Bachelor thesis on the topic 'algorithmic composition' using different machine learning techniques. A software tool was developed for automatically generating music phrase variation and harmonisation from user input, each conforming to a predefined musical genre.
Notus is a domain-specific language for expressing musical structures in the high-level, declarative style of functional programming written in Swift.
Harmonisation in modern rhythmic music using Hidden Markov Models [manuscript]
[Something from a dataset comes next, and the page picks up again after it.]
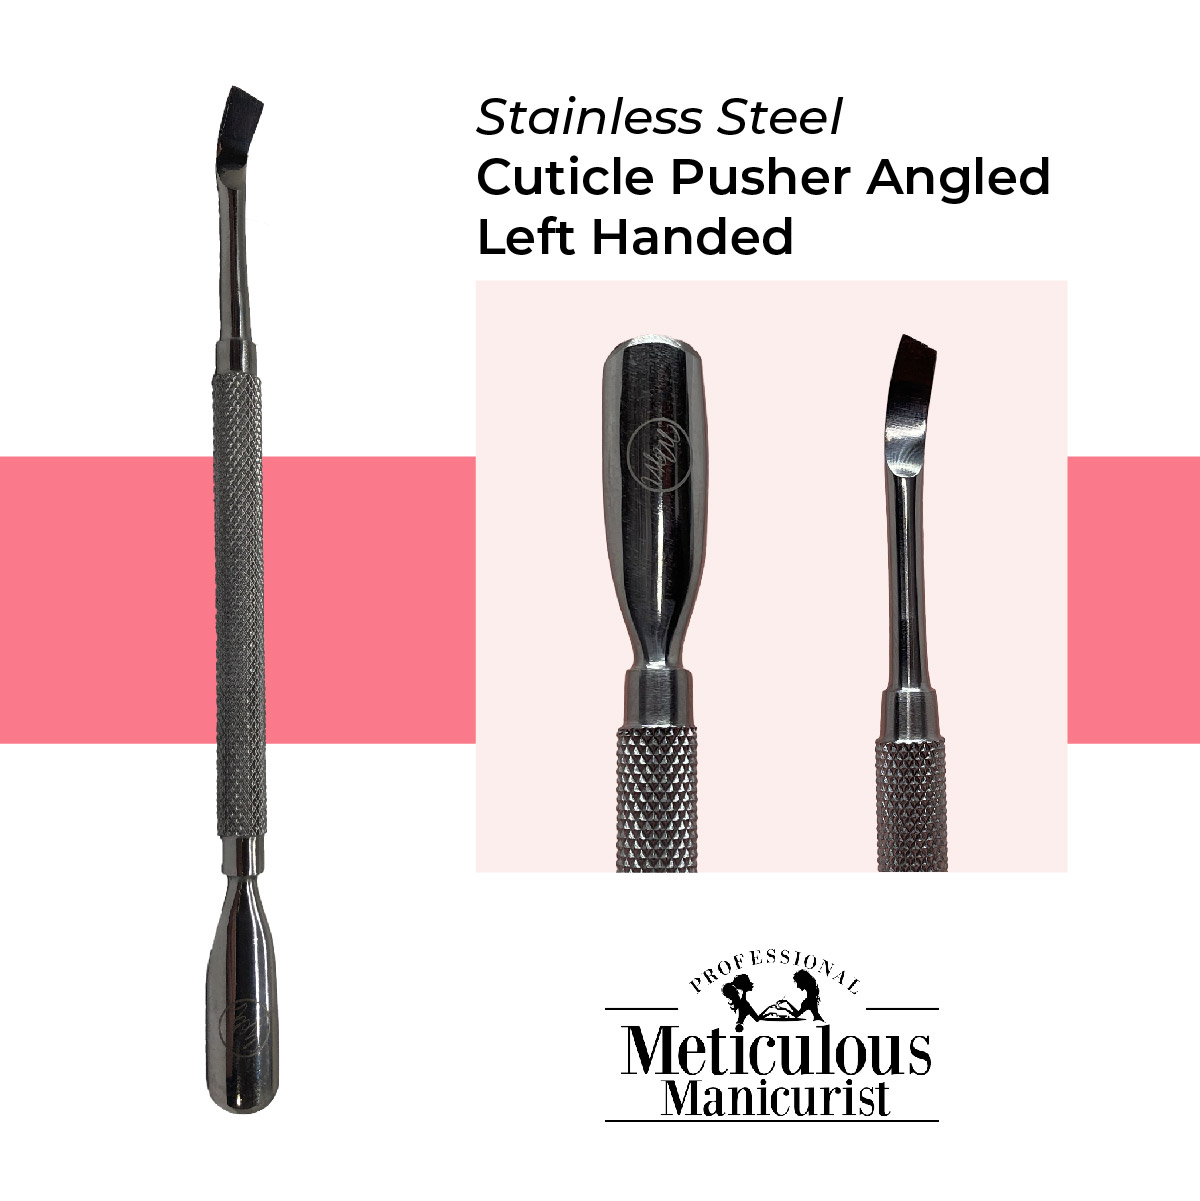 Left Handed Stainless Steel Cuticle Pusher Angled

A method for harmonising rhythmic music is presented. It uses a hidden Markov model to learn harmonisations of different artists in different genres and allows new chord sequences to be generated with respect to a given melody.
I have started composing and playing music again after years of hibernation. Some rough sketches for my project San Diego can be found on SoundCloud.
Talks and awards
Invited speaker at Primavera Pro, Barcelona, Spain (2018). Gave a 25 minutes talk about Livetake and how to engage concertgoers.
Keynote speaker at Audio Developer Conference, London (2017) [video]
A method for harmonising rhythmic music, implemented in Haskell, will be presented. It uses a hidden Markov model to learn harmonisations of different artists in different genres and allows new chord sequences to be generated with respect to a given melody. The main focus of this talk is on how to perform the feature extraction for the chords and the melody lines necessary for the method to perform well.
Eventbrite Live Award at TechCrunch Disrupt San Francisco (2015) [video]
Livetake participated in the TechCrunch Disrupt Event 2015 in San Francisco and demonstrated their latest technology. The prize for the technology that most enhance live concert experiences was given to Livetake.
Danish Sound Startup Award (2016)
Livetake won the prize for the most promising startup in Denmark within the audio industry.
The award was given by the Danish Sound Network, an innovation network with the aim of connecting start-ups, established companies and knowledge institutions within the Danish Sound industry.